A dozen folks from many disciplines were hand-picked, given the challenge with Neider simply asking: “How could we do more, better, with less?” As people looked at him and at each other for more direction, all he added was “go at it”.
Some context for the challenge is this: typically games take on average 2-3 years to develop with big mega games like Halo or Grand Theft taking up to 4 years. As a result, huge dollars are invested in a longish R&D cycle before knowing if something is going to yield. By reducing the time to market, or creating more games with the same resources, the bottom line would benefit.
“In the first few meetings, you could tell people were hedging their bets. wondering if this was a serious exercise and worth investing in,” said Neider. He explained this kind of collaborative strategizing was new. “No one knew if it would be worth the energy.”
But something must have happened that created that commitment. The results are starting to come out:
1.Six of the 12 ideas got green lighted by broader teams, and many of those went straight into implementation mode. Many of these ideas were tied to creating common community assets that would let the developers spend more time doing creative work. For example: If each game developer team has to spend time creating trees, then having a central repository of trees could allow everyone to gain efficiencies and do more “fun” work. From a market point of view, each developer team could do more things that materially mattered to consumers.
2. Two projects that have benefited from improved collaboration / tools-tech sharing have resulted in at least a 15% efficiency gains on two fronts:
One game was able to reduce the number of staff months required to complete the game. The team was able to utilize the tools/tech developed by the other team, which was located on a different continent.<
Another team utilized an internally developed “tracking tool” that provided better visibility into the quality of the software code across the entire team — this increased transparency created a “Hawthorne-like Effect” … resulting in few(er) bugs, thereby allowing the team to shift resources on to game polish and new features — thus improving the customer experience and game quality; typically these resources would be been focused on “killing bugs” so they could complete the project.
Not surprising, from the two results thus far, on-time delivery of product was exceeded. One especially big product release was ready for release early. Rather than making it by a “down to the wire moment”, the team had space to go back, tune, and get it right. This not only improved the “predictability” aspect of what the market and Wall Street measures, it likely improved the customer experience. (More statistics are going to be gathered on revenue gains.)
Nice real results based on collaborative problem solving.
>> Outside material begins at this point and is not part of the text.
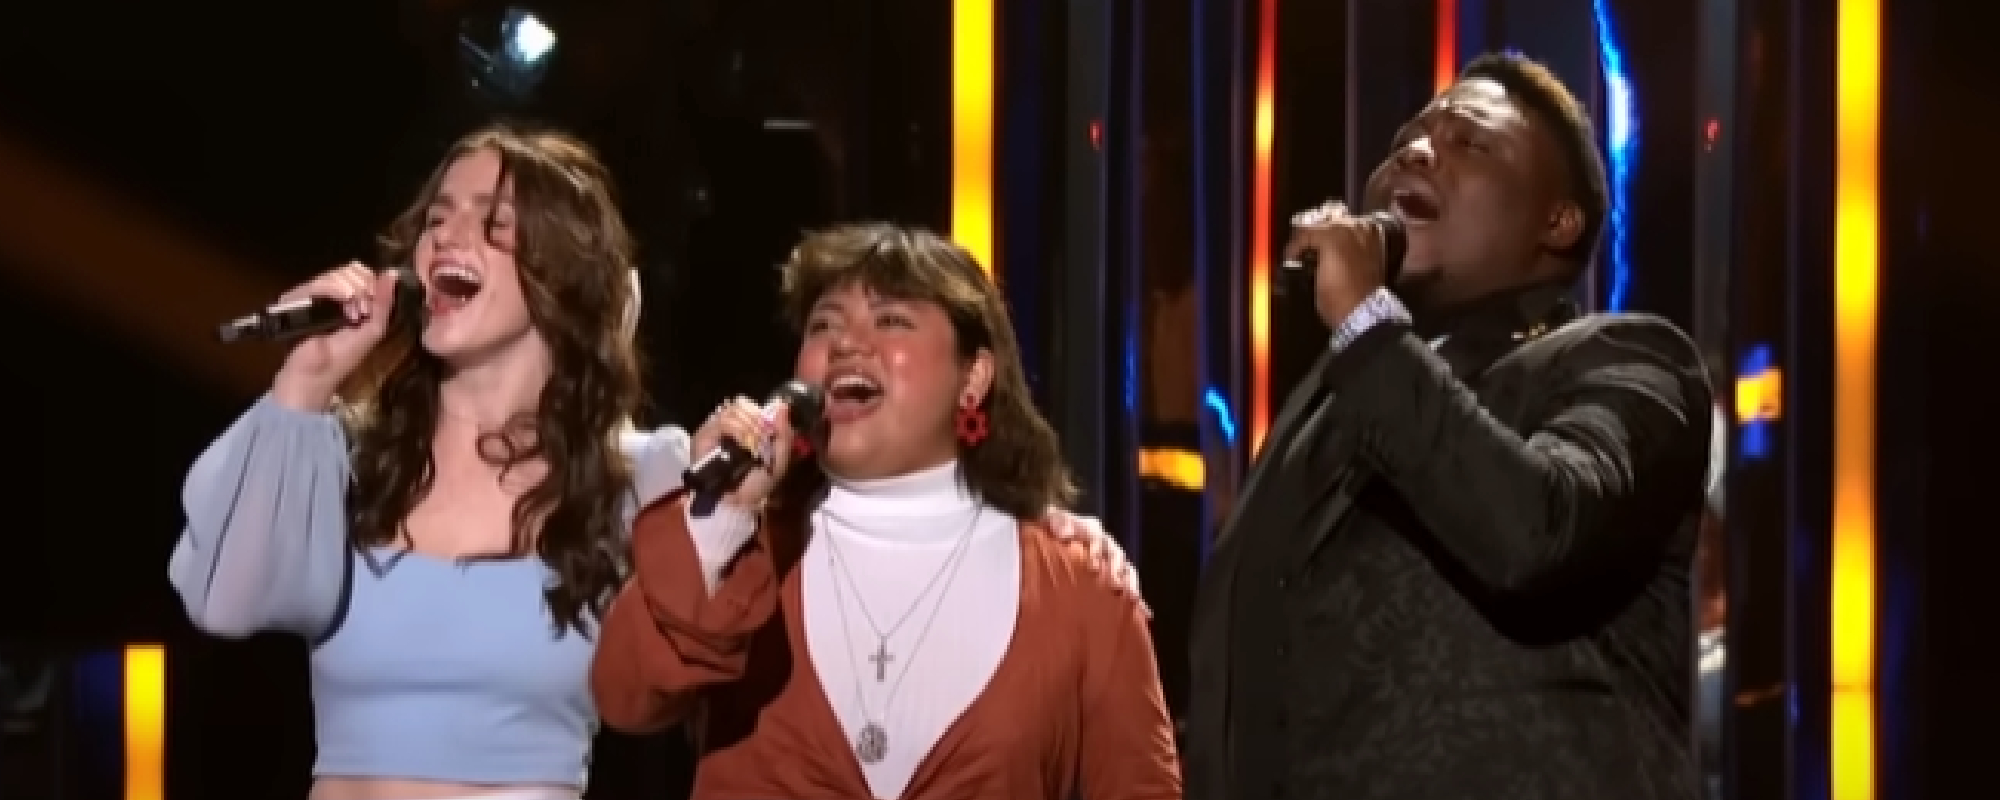 ‘American Idol’ Platinum Ticket Winners Give a Golden Performance of “California Dreamin'”

Reducing the price of development impacts the bottom line. As reported by CNBC earlier this year: The price of development on console titles has skyrocketed this generation – and a hit or miss can make the difference between a good financial quarter and miserable one.
“It’s really tough in our space now if you’re not making a hit title,” said John Schappert, chief operating officer of Electronic Arts at the recent Game Developer Conference. “If you’re not making a game in the top 20 [of the monthly sales], you’re probably losing money.”
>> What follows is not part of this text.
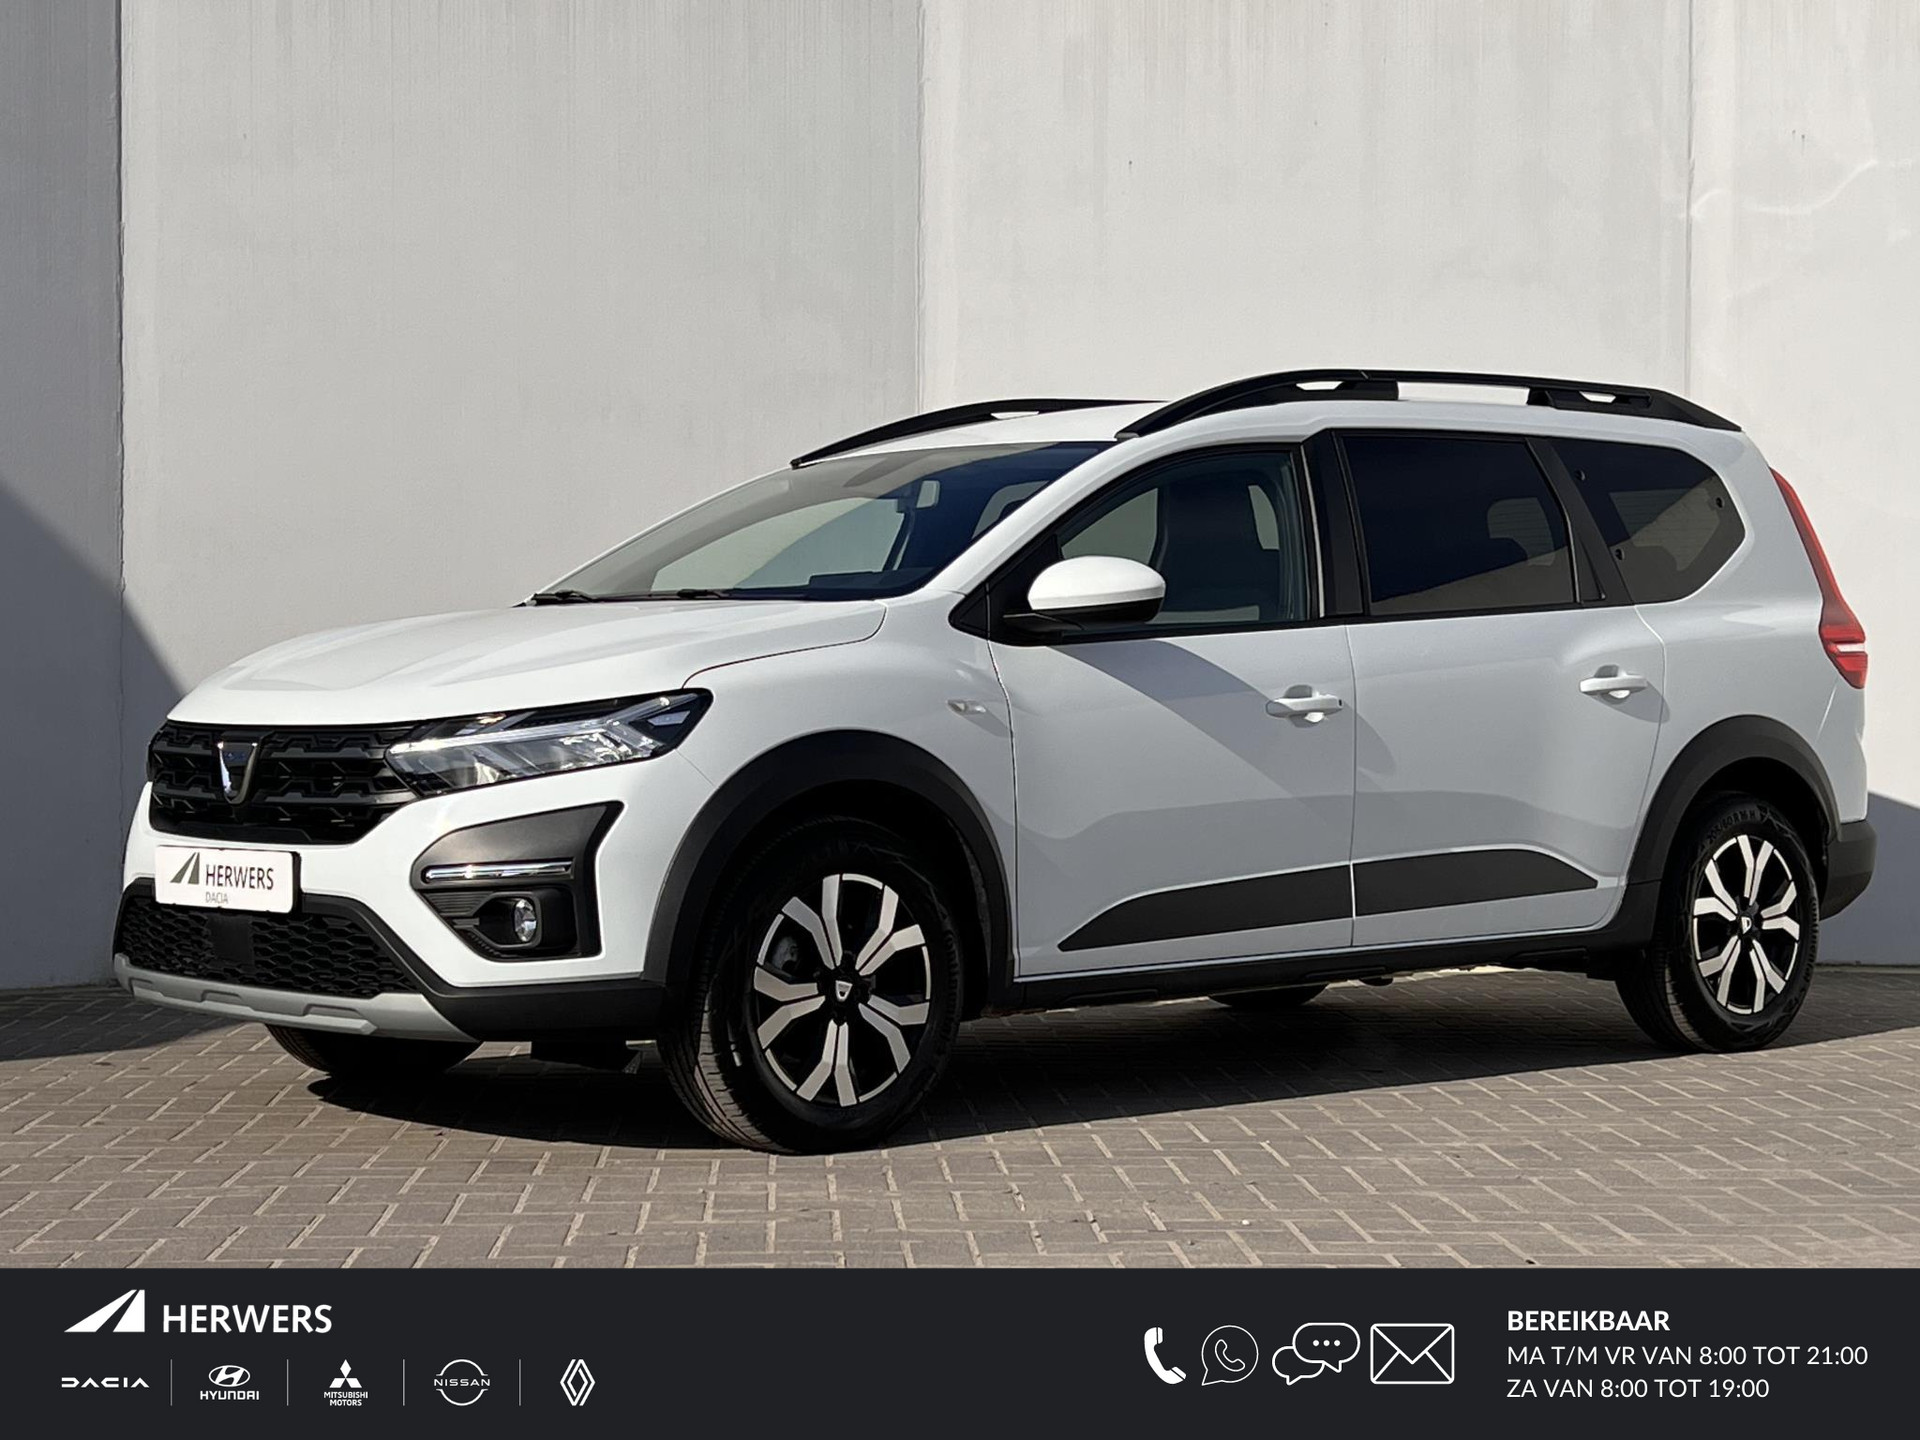 Dacia Jogger 1.0 TCe 110 Extreme 7p. / Zeven persoons / Navigatie via Apple Carplay of Android Auto / Stoelverwarming /

The Behind-the-Scenes view on how Bryan drove the process was also illuminating:
The people we picked were passionate members of the EA community. “We knew they had it in ‘em to figure out the answer to the business problem” said Neider when talking about the group.
We purposely picked people from far and hither so that a new set of neural pathways could be created for communication and connections.
People were asked to help, then the next challenge was to make sure their ideas were heard.
“Now that we’ve done it once, we have a track record to do it again and figure out what else we can we can do next to innovate. More importantly, we’re teaching ourselves to innovate everywhere, by everyone.”
Based on industry figures, the 15% gain amounts to $2-4M per game. Not bad. Add to those results, the improved buy-in within the organization, and the learning system around innovation… it’s not a bad ROI.